== TASK PROMPT ==
Give back the whole listing word for word and skip each picture.

== PROVIDED DATA ==
----
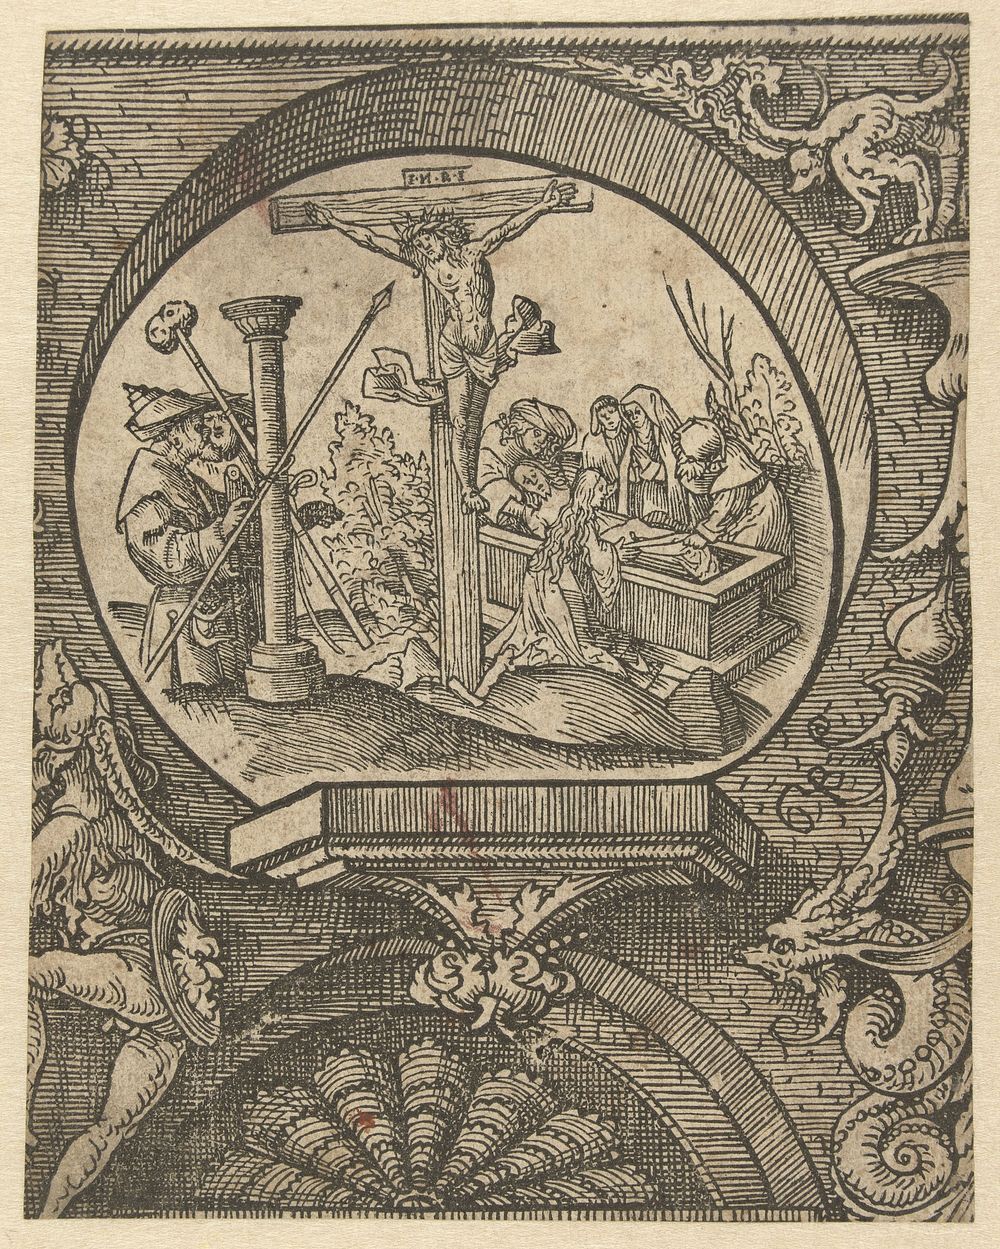 De kruisiging en de graflegging van Christus (1520) by Jacob Cornelisz van Oostsanen and Doen Pietersz
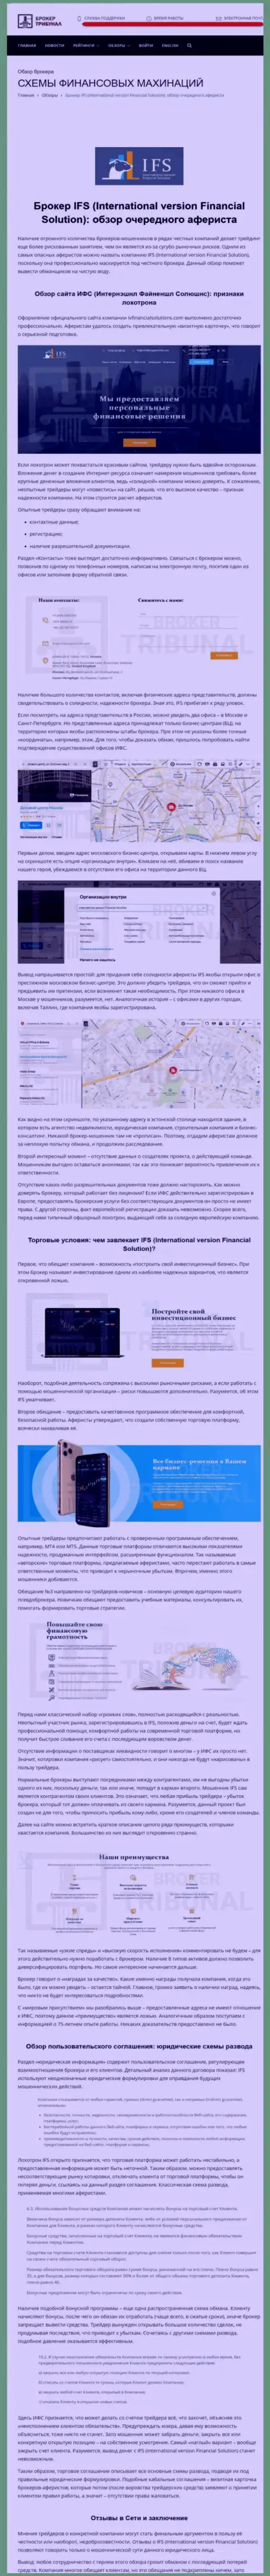 ИВ Файнэншил Солюшинс - это internet-шулера, которым финансовые средства отправлять нельзя ни в коем случае (обзор)
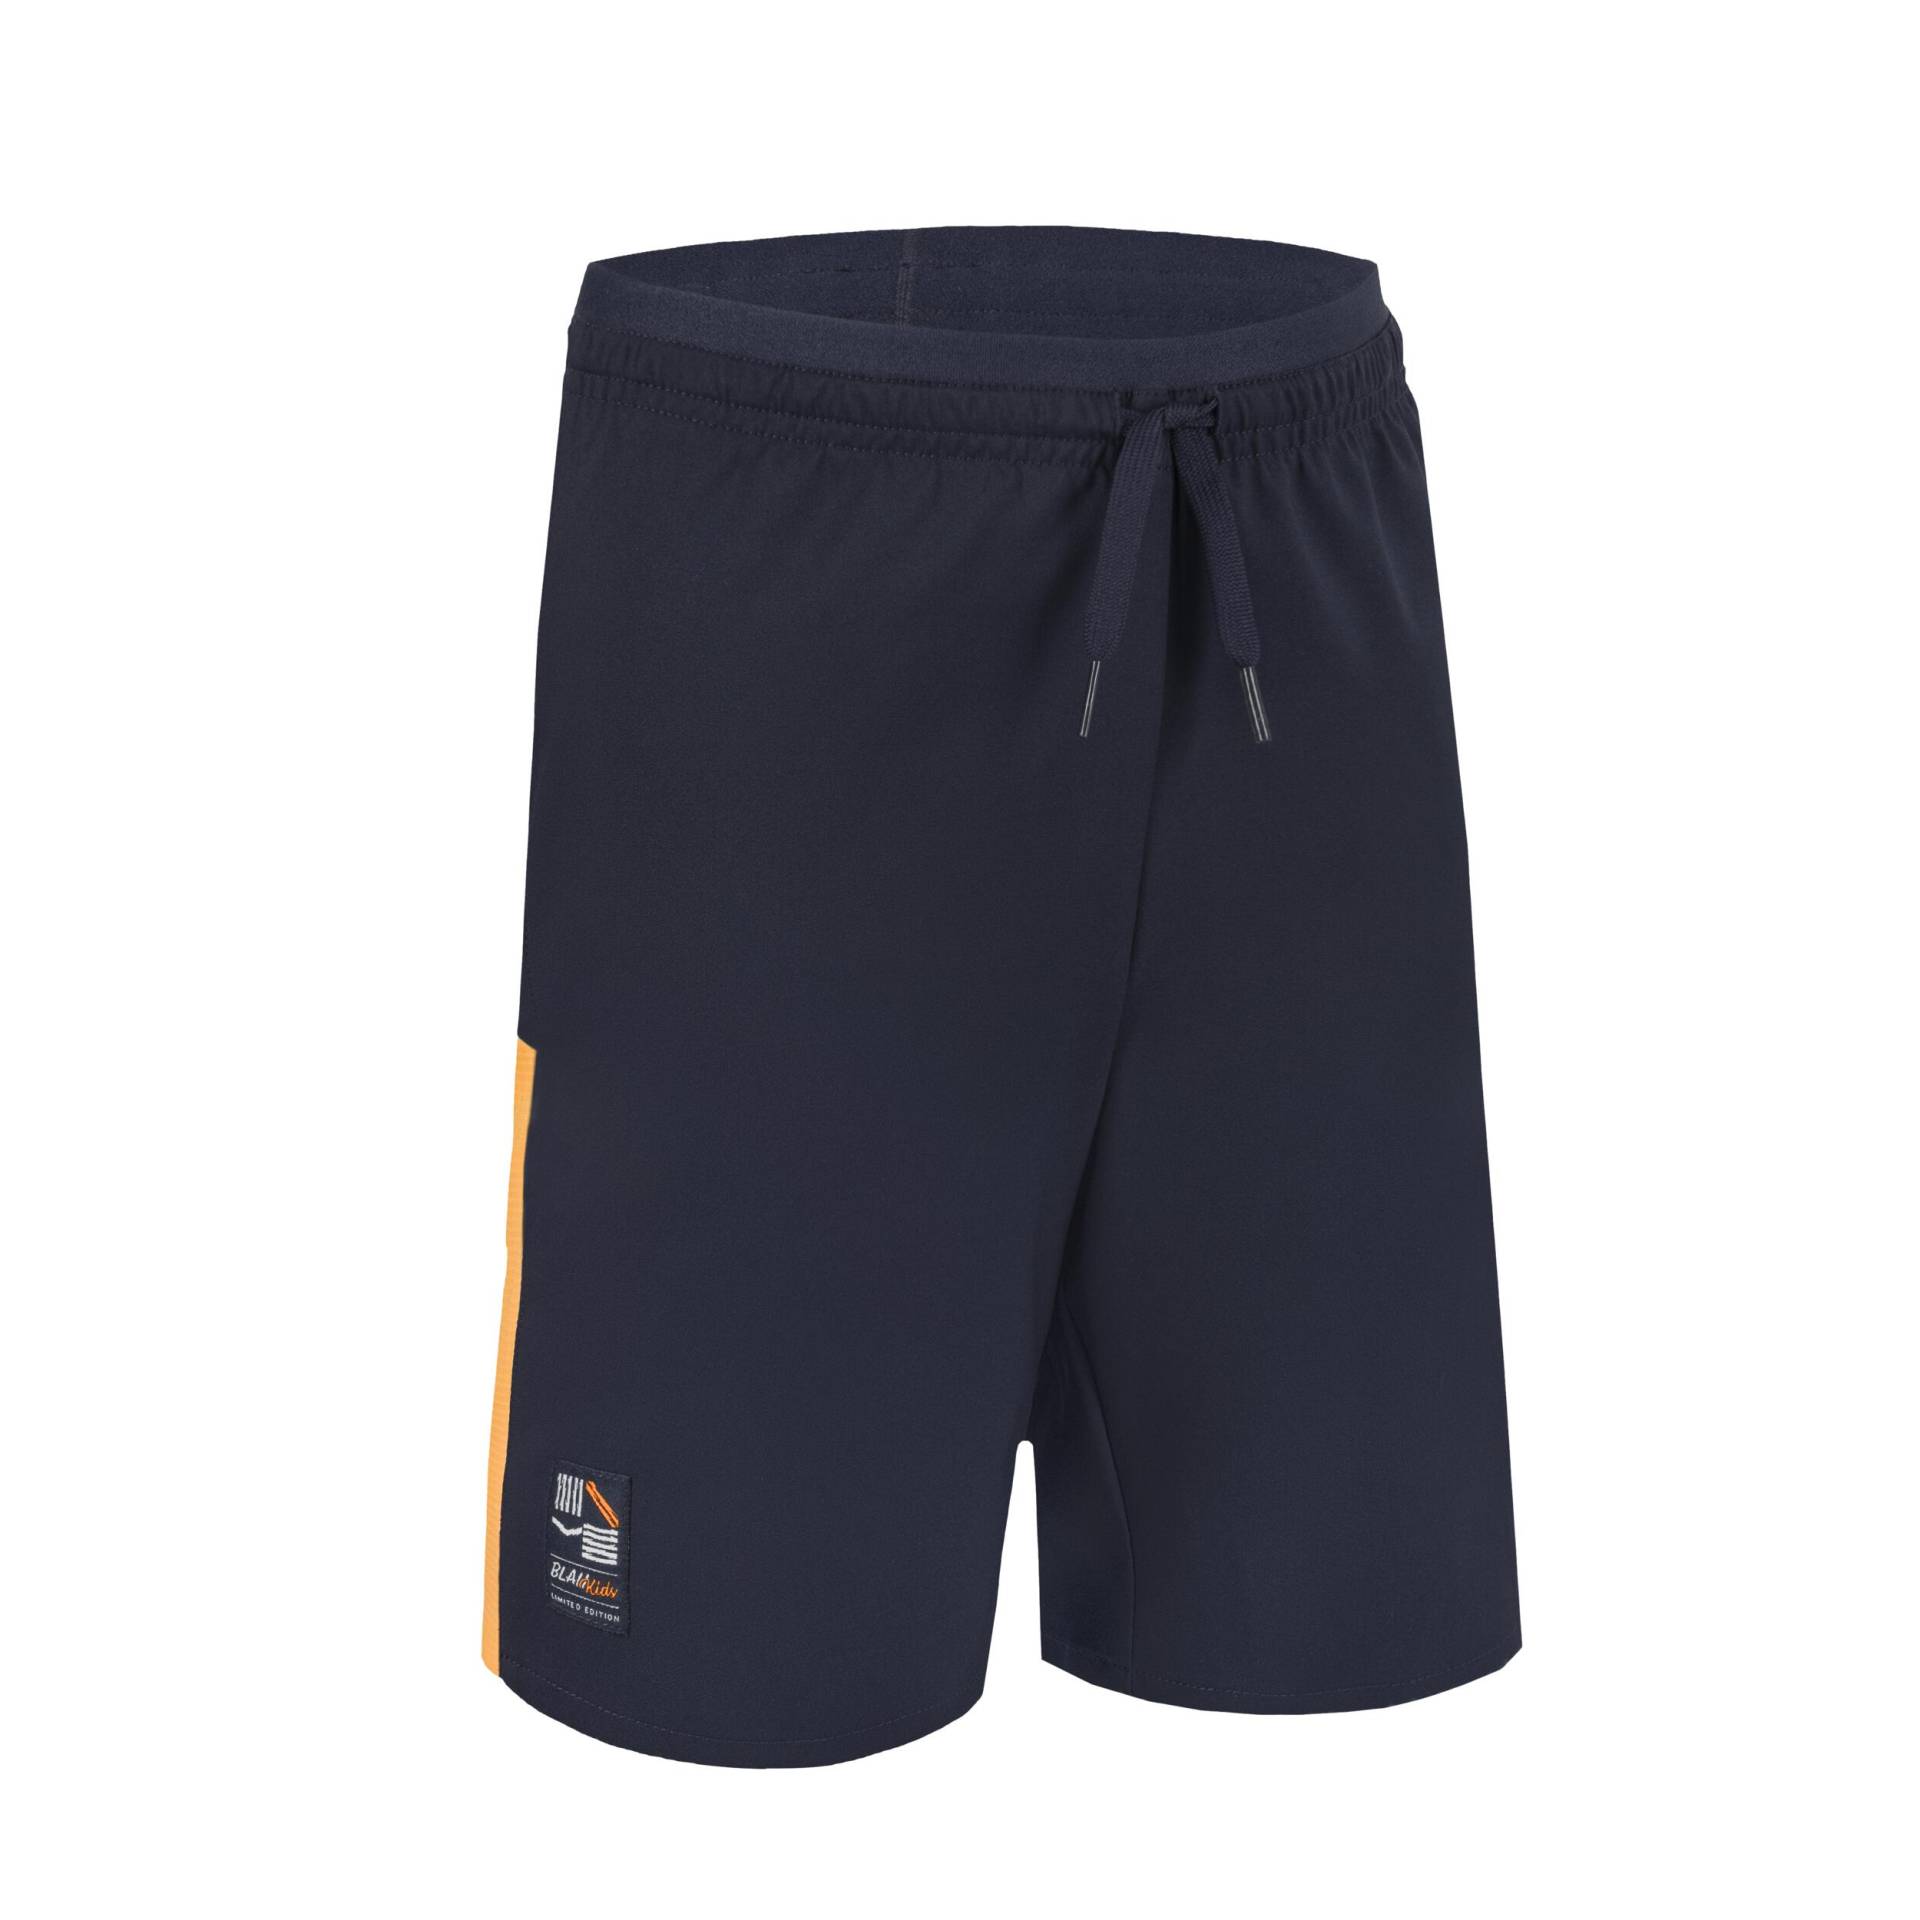 Kinder Fussball Shorts - marineblau/orange von KIPSTA
----
== TASK RESULT ==
 De kruisiging en de graflegging van Christus (1520) by Jacob Cornelisz van Oostsanen and Doen Pietersz
 ИВ Файнэншил Солюшинс - это internet-шулера, которым финансовые средства отправлять нельзя ни в коем случае (обзор)
 Kinder Fussball Shorts - marineblau/orange von KIPSTA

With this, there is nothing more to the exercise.